Taylor Croft, The Atlanta Journal-Constitution on

Published in Political News

ATLANTA — Attorneys presented arguments in court Monday in the ongoing battle over the disputed Cobb County Commission electoral map, which could be resolved by the judge’s ruling by the end of the year.

Cobb Superior Court Judge Ann Harris listened to the arguments over whether counties have the power to amend state-approved district maps under the home rule provision of the Georgia Constitution. The arguments often turned micro over definitions of certain words in the law. At one point, the county attorney referred to Merriam-Webster’s dictionary, and the plaintiff’s attorney actually brought one into the courtroom.

“We’re not here to split hairs on what the dictionary, what Webster’s says,” said Ray Smith, attorney for plaintiffs David and Catherine Floam, who live in the disputed area and are arguing that the county doesn’t have the right to change maps approved by the state Legislature. “We’re here today representing constituents in Cobb County who were unjustly represented by their elected representatives due to maps that were illegally drawn (by county officials).”

The board has been operating under an electoral map its own Democratic majority passed last year in a novel move to undo the state Legislature-passed district map that would have drawn Democratic Commissioner Jerica Richardson out of her district midway through her term.

Richardson has since launched her campaign for U.S. Congress in the 6th district, which is currently held by Republican U.S. Rep. Rich McCormick. A recent federal ruling sent Georgia’s congressional map back to the state Legislature to be redrawn, which lawmakers will do at the end of November.

Legal experts dispute whether Richardson would have to vacate her position on the County Commission immediately under the state map, as the county’s attorneys contend, or if she could stay in office through the end of her term.

 

During Monday’s hearing, Smith argued state law does not give the county the right to draw its own map, and allowing the county to do so “opens up a whole Pandora’s box of what home rule can and cannot do.”

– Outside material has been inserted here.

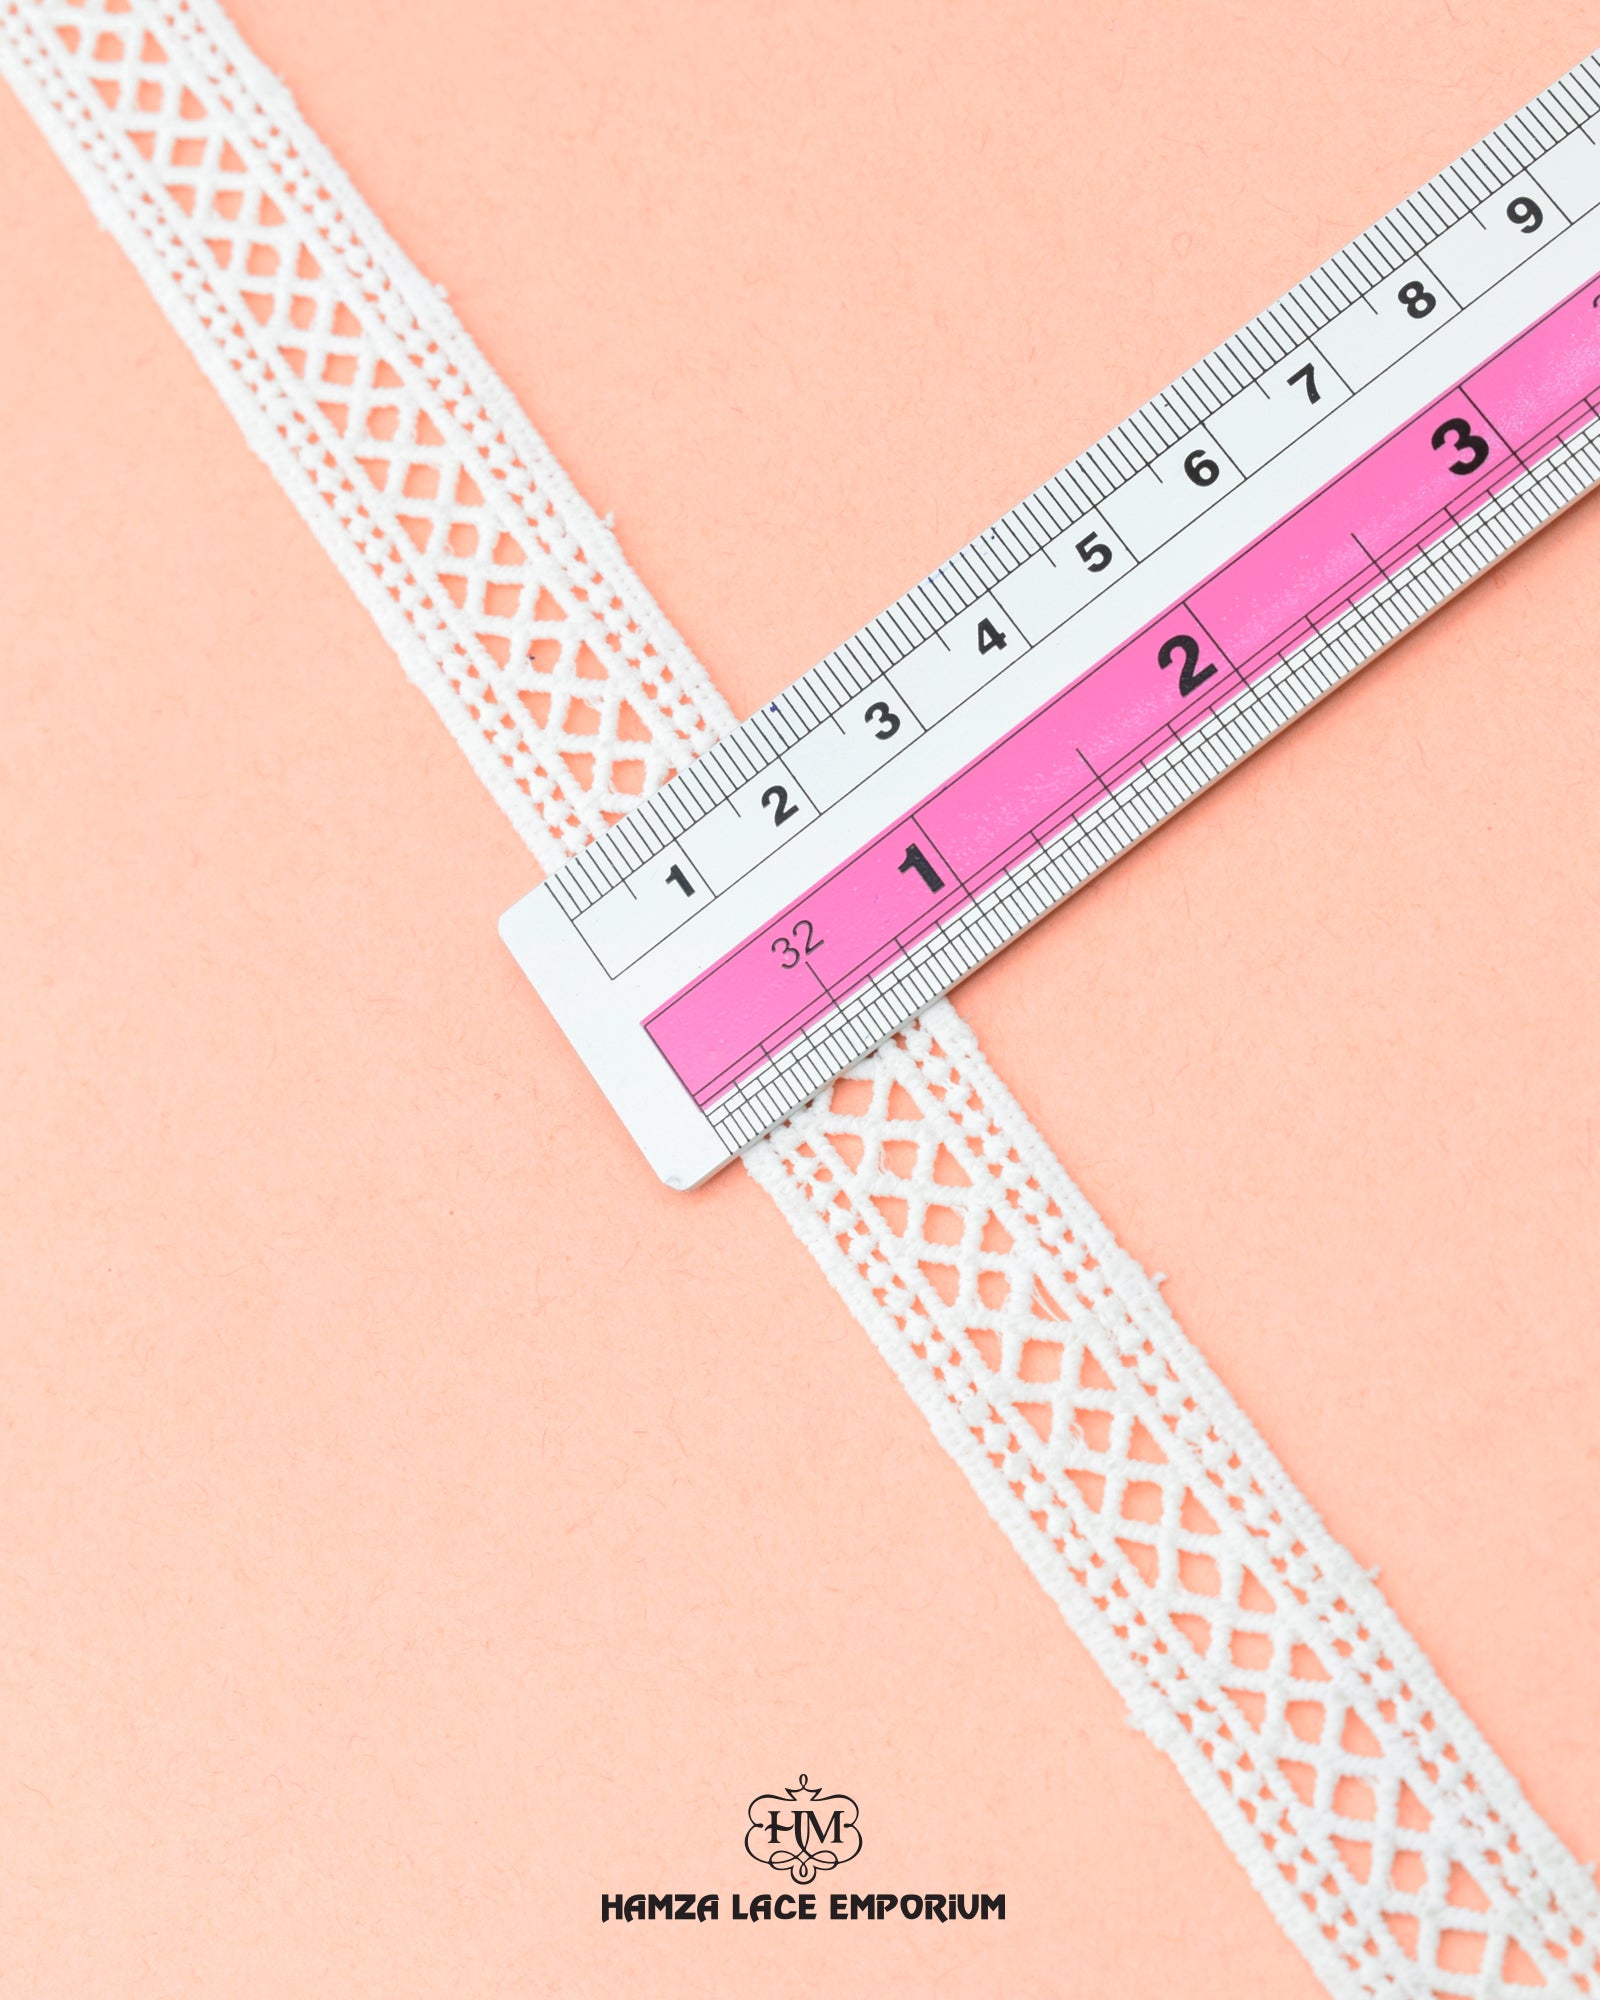 Size of the 'Center Filling Lace 2463' is shown with the help of a ruler as '0.75' inches

“Any authority for a county board of commissioners to undertake its own redistricting map must be derived from an explicit statutory or constitutional grant of authority,” Smith said. “The county did not have authority here.”

But county attorney Elizabeth Monyak argued the intent of the home rule provision in the state constitution was to give counties broad powers — except for a few exceptions, which she said don’t apply in this case.

Those exceptions in the constitution say counties cannot use home rule powers to affect “any elective county office” or “the composition, form, procedure for election.” But Monyak argued the county’s new map does not change the fundamental office or its duties, and the map does not constitute an election procedure.